Live to explain thy doctrine by thy life.

Prior.

The question is not whether a doctrine is beautiful, but whether it is true.

Guesses at Truth.

All sects seem to me to be right in what they assert, and wrong in what they deny.

Goethe.

Every one cleaves to the doctrine he has happened upon, as to a rock against which he has been thrown by tempest.

Cicero.

Doctrine is nothing but the skin of truth set up and stuffed.

Beecher.

How absurd to try to make two men think alike on matters of religion, when I cannot make two timepieces agree!

Charles V.

  • Go put your creed into your deed
  • Nor speak with double tongue.
  • Emerson.

    “Orthodoxy, my Lord,” said Bishop Warburton, in a whisper—“orthodoxy is my doxy—heterodoxy is another man’s doxy.”

    Joseph Priestly.

    Doctrine is something that is taught.
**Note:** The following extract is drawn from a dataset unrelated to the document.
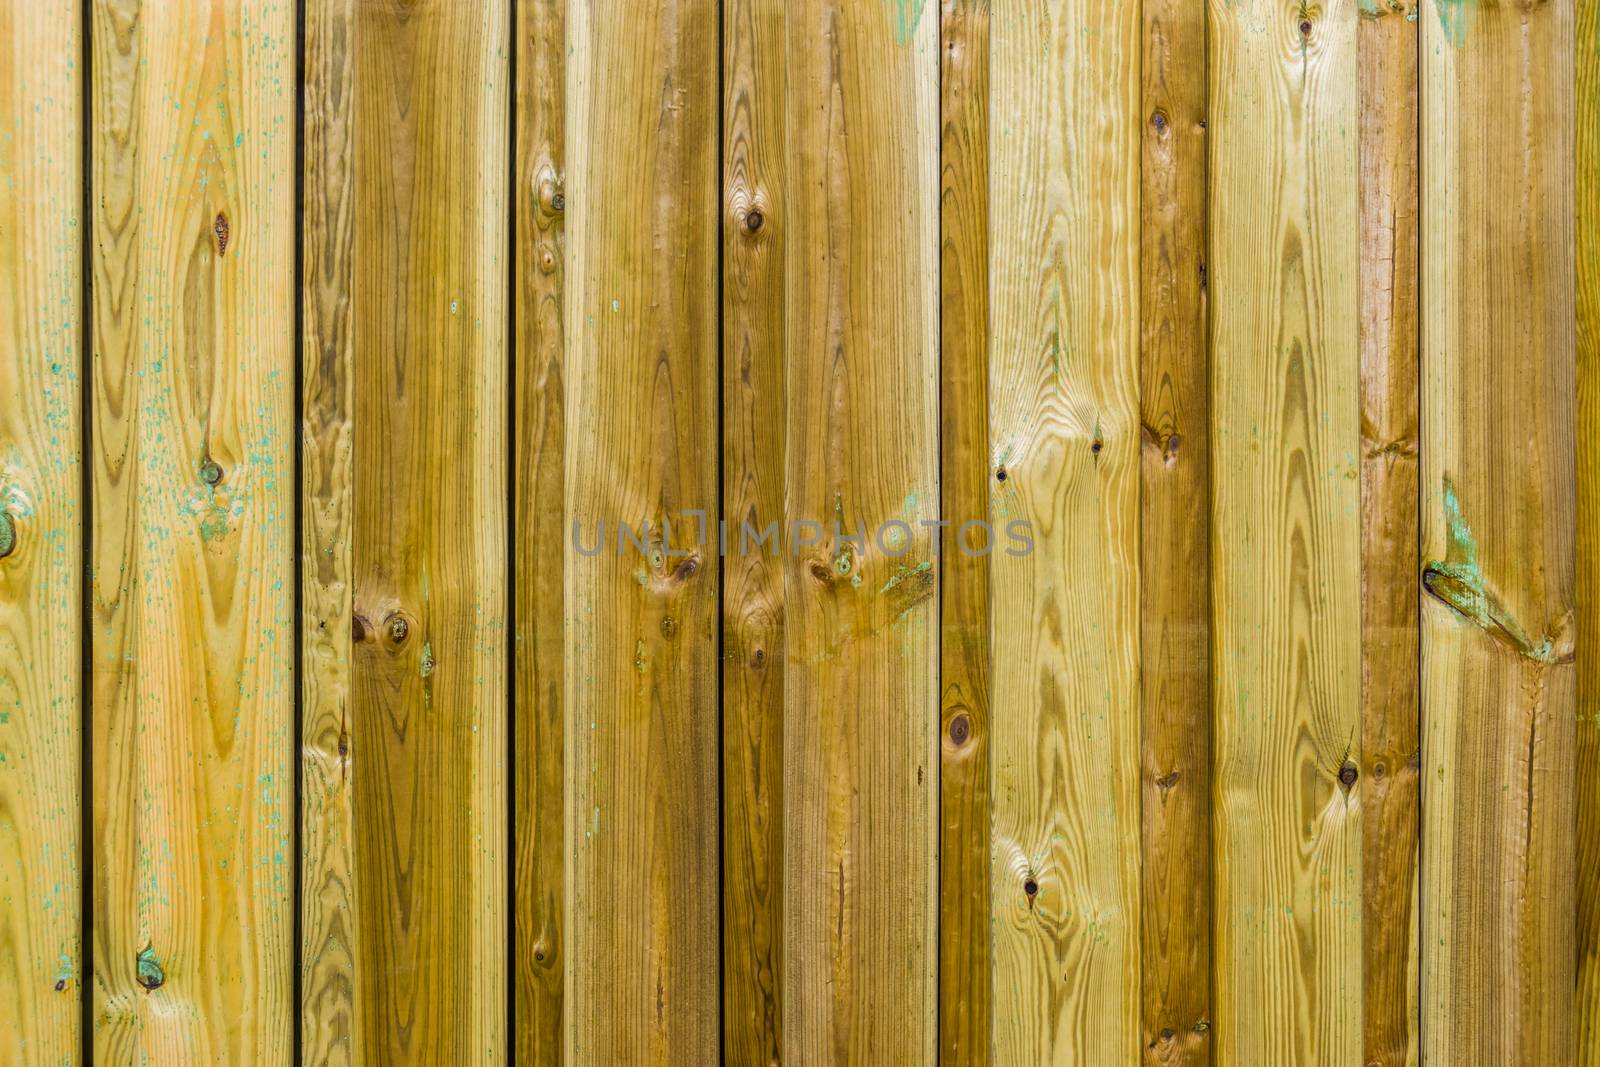 wooden palisade pattern with green mold, wood problems, Garden fence background by charlottebleijenberg
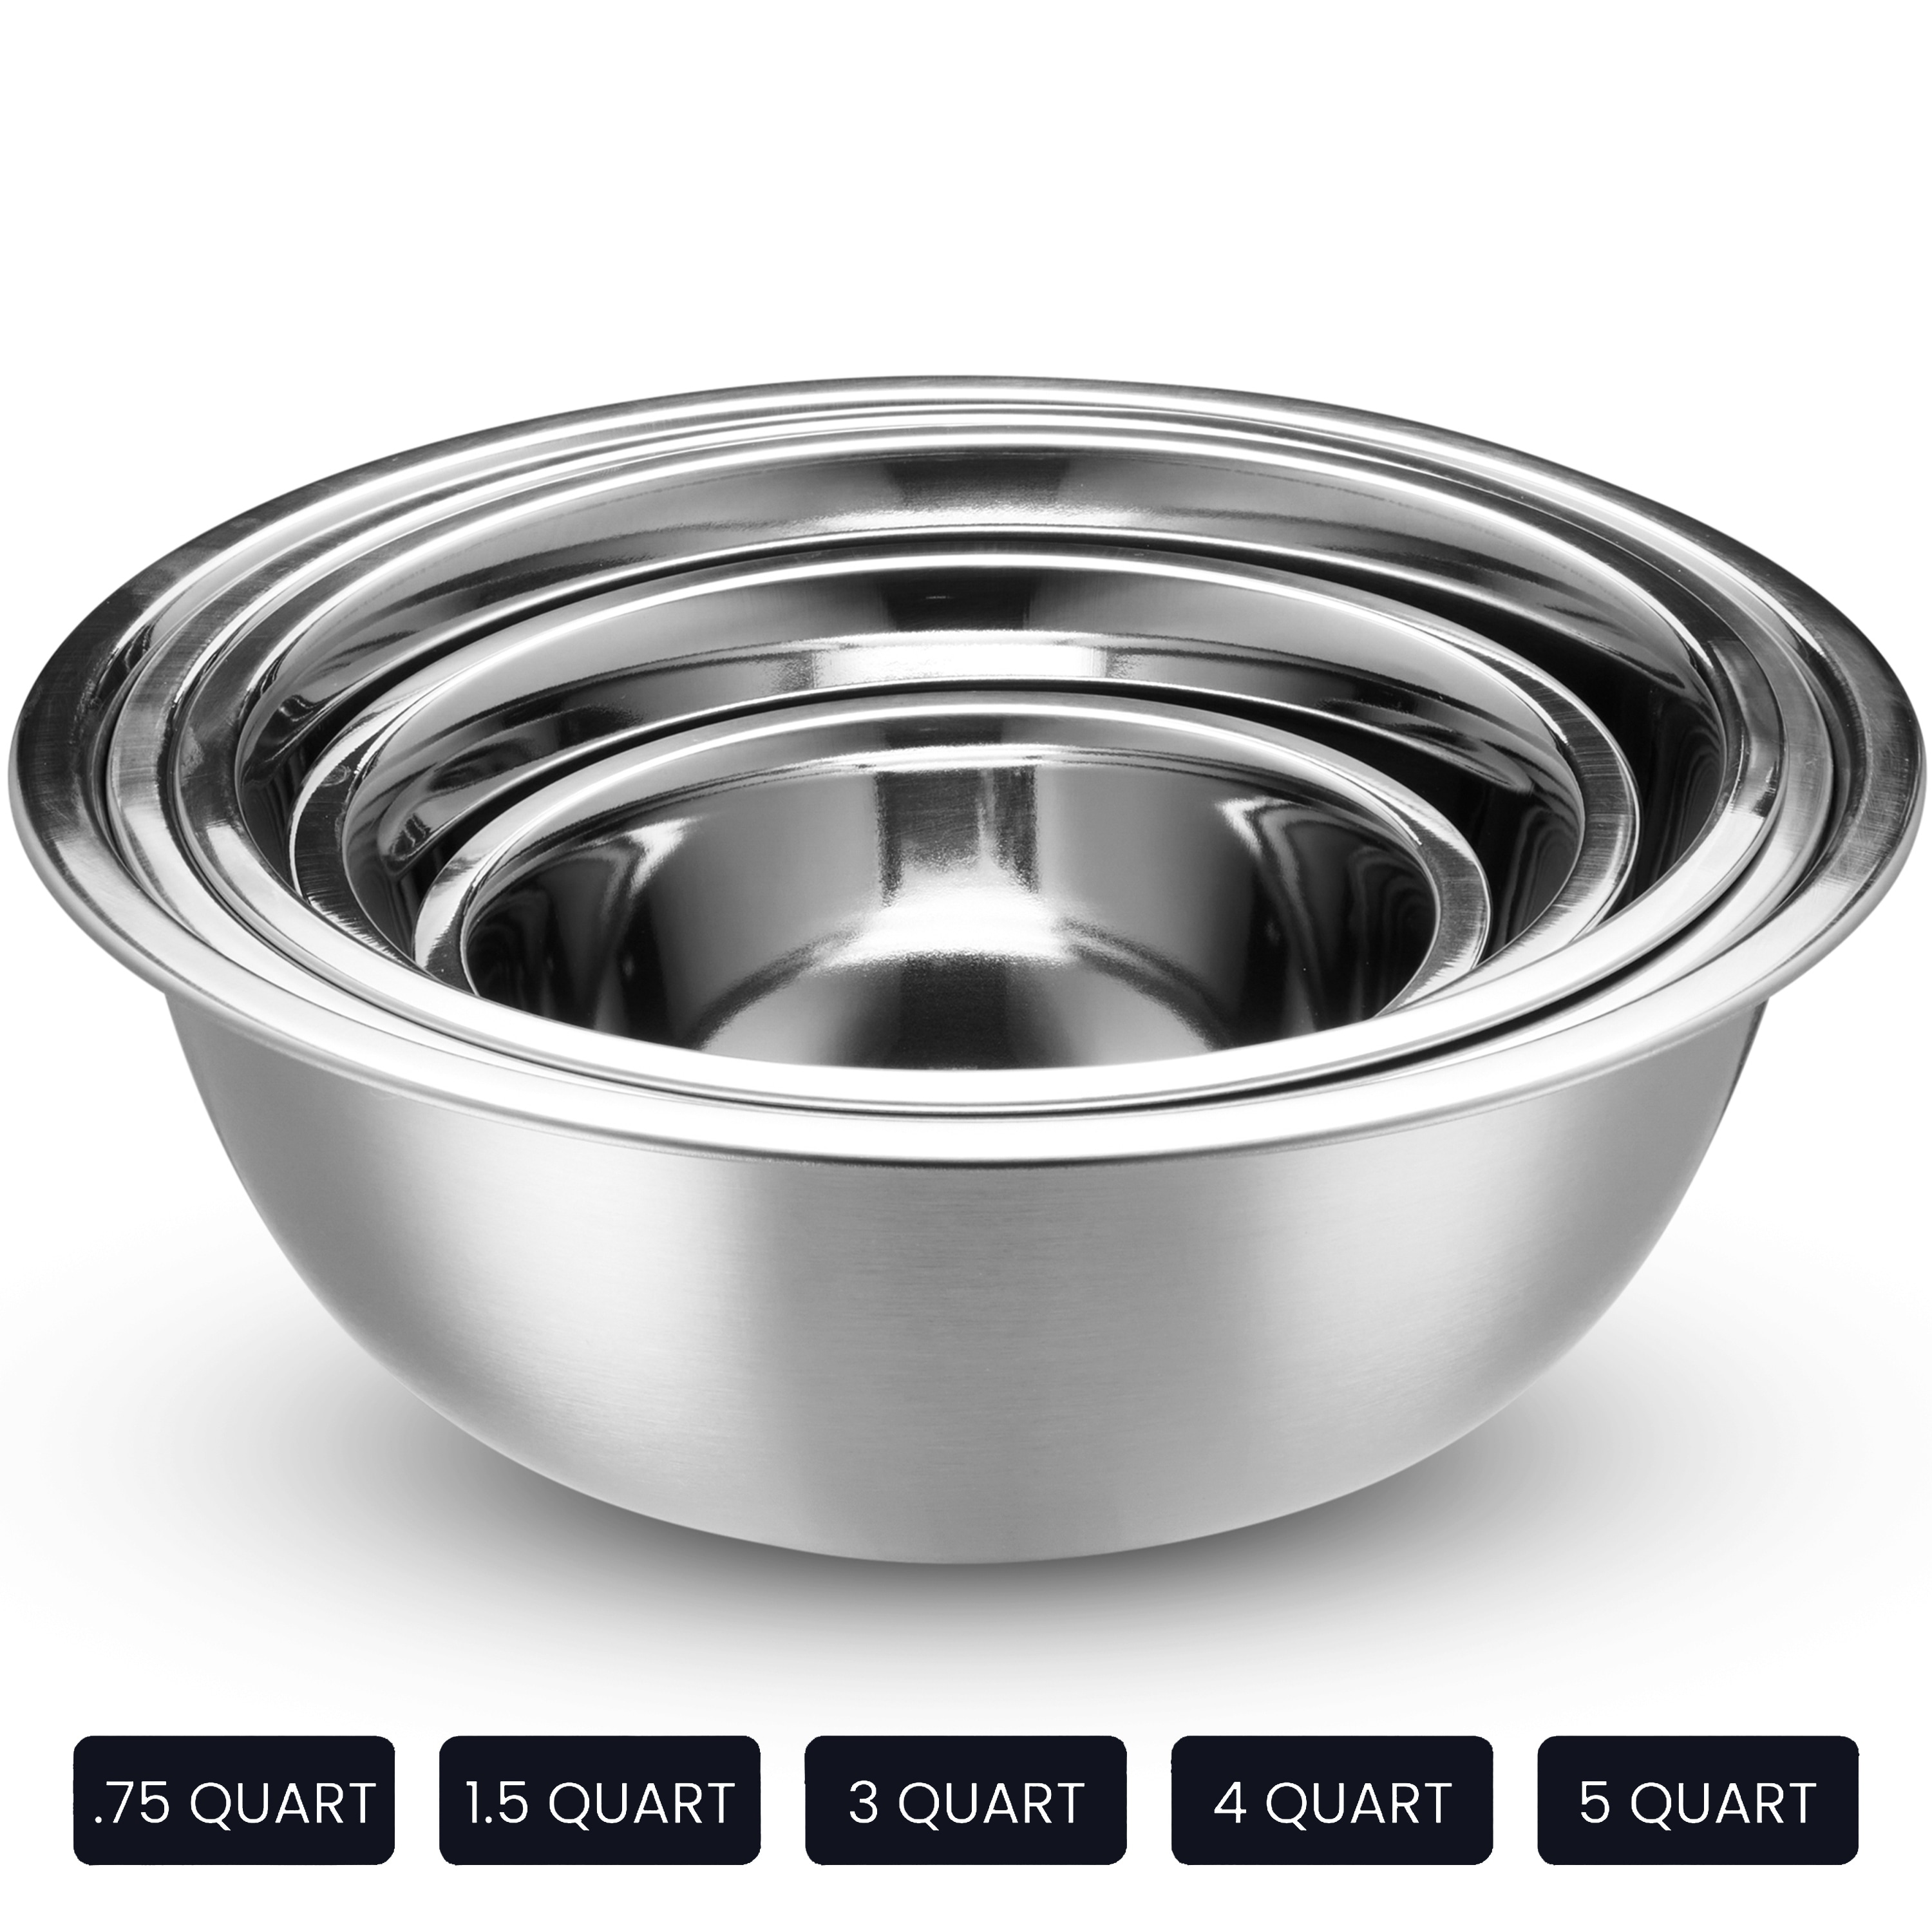 Cuisinart Set of 3 Stainless Steel Mixing Bowls w/o Lids - Bed Bath &  Beyond - 21143937

Applied to religion it is something that God teaches.

    Joseph Shipps.

    He knew how to weaken his divinity, on occasion, as well as an old housewife to weaken her tea, lest it should keep people awake.

    O. W. Holmes.

    The Athanasian creed is the most splendid ecclesiastical lyric ever poured forth by the genius of man.

    Benj. Disraeli.

    Logic has its use and metaphysics has its use, but neither of them is of much help in the making of a creed.

    Talmage.

    That doctrine which rectifies the conscience, purifies the heart and produces love to God and men is necessarily true.

    Walker.

    In religion as in politics it so happens that we have less charity for those who believe half our creed, than for those who deny the whole of it.

    Colton.

    I move for a creed for all our denominations made out of Scripture quotations, pure and simple. That would be impregnable against infidelity and Appolyonic assault. That would be beyond human criticism. Let us make it simpler and plainer for people to get into the Kingdom of God.

    Talmage.

    Religion, as embodied in the character and conduct of its disciples, cannot survive, without doctrinal purity. In the absence of this element, religious feeling inevitably decays; while even religious necessity becomes a thing of naught.

    J. McC. Holmes.

    Doctrine is the framework of life; it is the skeleton of truth, to be clothed and rounded out by the living graces of a holy life. It is only the lean creature whose bones become offensive.

    A. J. Gordon.

    Go on your knees before God. Bring all your idols; bring self-will, and pride, and every evil lust before Him, and give them up. Devote yourself, heart and soul, to His will; and see if you do not “know of the doctrine.”

    H. W. Beecher.

    The question is not whether a doctrine is beautiful, but whether it is true. When we want to go to a place, we don’t ask whether the road leads through a pretty country, but whether it is the right road, the road pointed out by authority, the turnpike-road.

    Hare.

    Don’t turn your back upon your doctrinal doubts and difficulties. Go up to them and examine them. Perhaps the ghastly object which looks to you in the twilight like a sheeted ghost may prove to be no more than a table-cloth banging upon a hedge.

    A. H. Boyd.

  • Shall I ask the brave soldier, who fights by my side
  • In the cause of mankind, if our creeds agree?
  • Shall I give up the friend I have valued and tried,
  • If he kneel not before the same altar with me?
  • From the heretic girl of my soul should I fly,
  • To seek somewhere else a more orthodox kiss?
  • No! perish the hearts, and the laws that try
  • Truth, valor, or love, by a standard like this!
  • Moore.

    As those wines which flow from the first treading of the grape are sweeter and better than those forced out by the press, which gives them the roughness of the husk and stone, so are those doctrines best and sweetest which flow from a gentle crush of the scriptures, and are not wrung into controversies and commonplaces.

    Bacon.

  • And after hearing what our Church can say,
  • If still our reason runs another way,
  • That private reason, ’tis more just to curb,
  • Than by disputes the public peace disturb;
  • For points obscure are of small use to learn,
  • But common quiet is mankind’s concern.
  • Dryden.

    We are not called on to believe this or that doctrine which may be proposed to us till we can do so from honest conviction. But we are called on to trust—to trust ourselves to God, being sure that He will lead us right—to keep close to Him—and to trust the promises which He whispers through our conscience; this we can do, and we ought to do.

    J. C. Shairp.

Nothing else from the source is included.